I’ve been coaching professionally since 2002. I was coaching internally in organizations five years before I went a got a coaching certification though the Coaches Training Institute. My very first coaching client was a Vice President who had allegedly “spit” at one of her directors in a heated argument, most likely just spittle, but HR didn’t know what to make of it and so tossed it to me. Since then I’ve have over hundreds of coaching clients and stopped counting hours when I crossed the 10K mark back in 2011. My bona fides are there and I can confidently tell you that everyone is coachable.

But what does that mean exactly? Does that mean that everyone can be a rock-star in your organization? That everyone is cut out for Sales? That everyone can master all parts of the sales cycle from first contact to close?

Yes.

Let me rewind and digress for a moment…

When I first started coaching I was a wild man, untrammeled by the loss and divorce that has marked me as an adult, and I was and still am heart centered. I had just finished my master’s degree and Kurt Lewin (founder of social psychology) was my idol.

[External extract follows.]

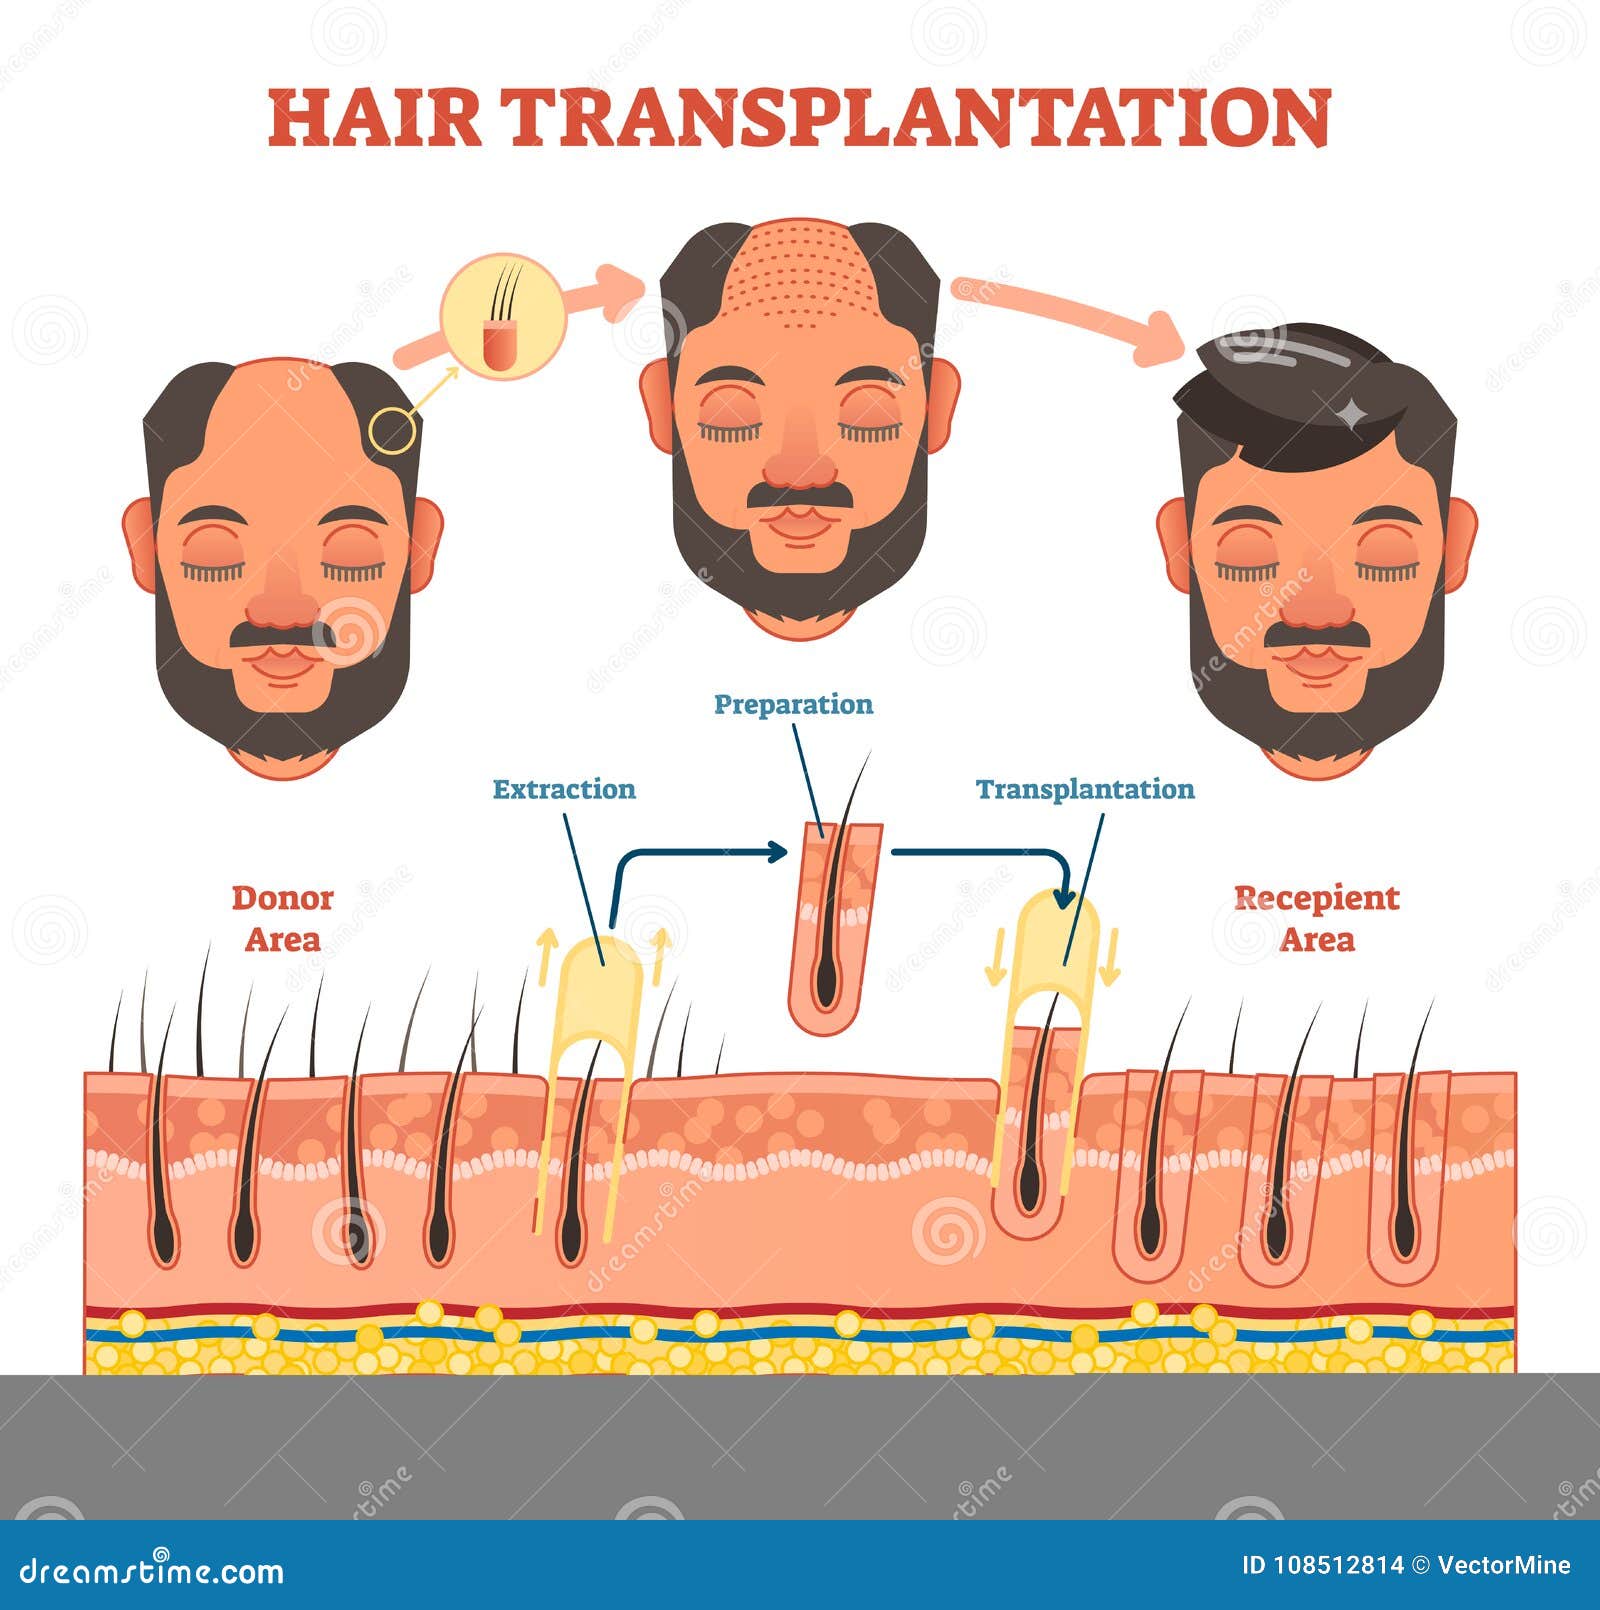 hair transplantation procedure diagram with steps

My background includes cultural anthropology, ecopyschology, biology, developmental psychology, instructional design, organizational development, and coaching. From the very beginning I’ve been fascinated and have worked with systems and so everything is system related to my mind.

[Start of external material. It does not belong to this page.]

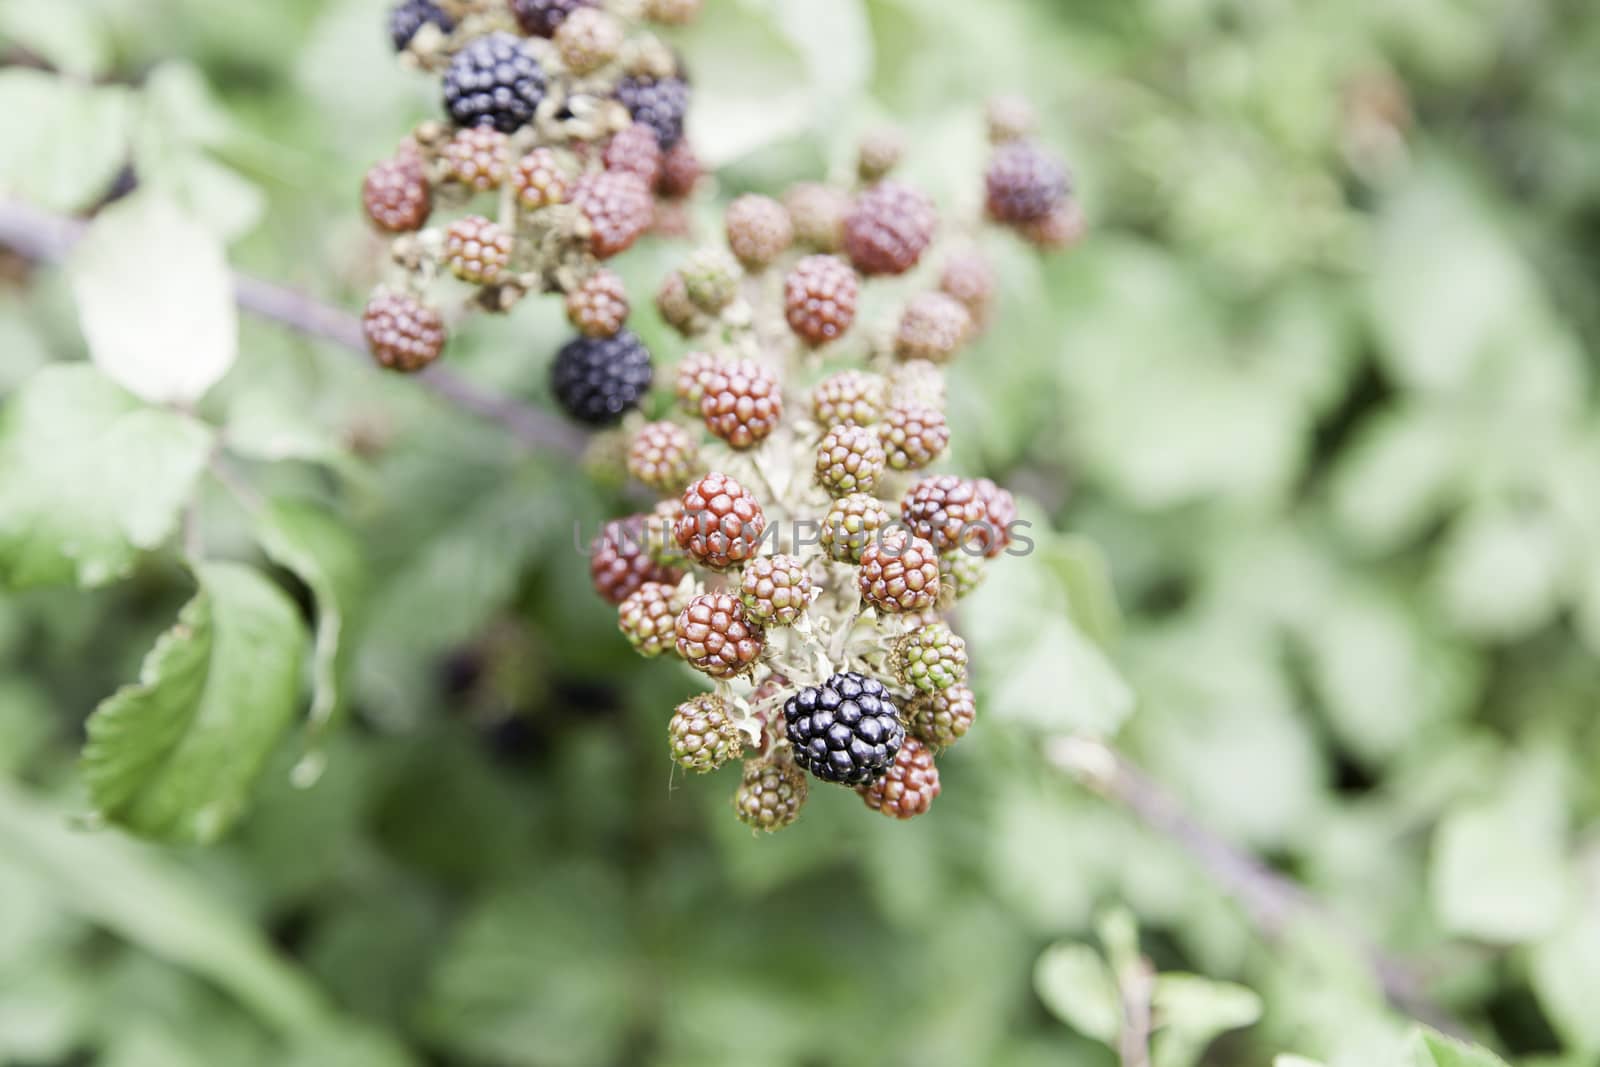 Wild blackberries in nature detail fresh fruit

I don’t see the individual as separate from the system from within which they’re operating.

You look at the United States military and how instructional design and organizational development function and you see a system that can take young men and women, with different socio and economic backgrounds from all over the country, and turn them into a single fighting force.

That’s impressive!

Kurt Lewin’s equation: B = f (P+E) is Behavior is a Function of the Person + Their Environment

We’re relational by nature.

It’s why I’m leery of organizations that seem to think potential hires either fit or don’t fit their organizational culture. People are adaptable. We have a deep fear of this in the West, but the reality is that out personality, values, behaviors, and principles are all very fluid.

In fact, that’s why leadership is so damn important. It’s why organizational cultures are so damn important.

I’ve seen plenty of shitty organizations chew up and spit out talented individuals, just as I’ve seen great organizations take mediocre people a turn them into rock stars.

This is why Top Grading and Forced Ranking are such awful performance management systems. Everyone is a potential star or a potential fuck up.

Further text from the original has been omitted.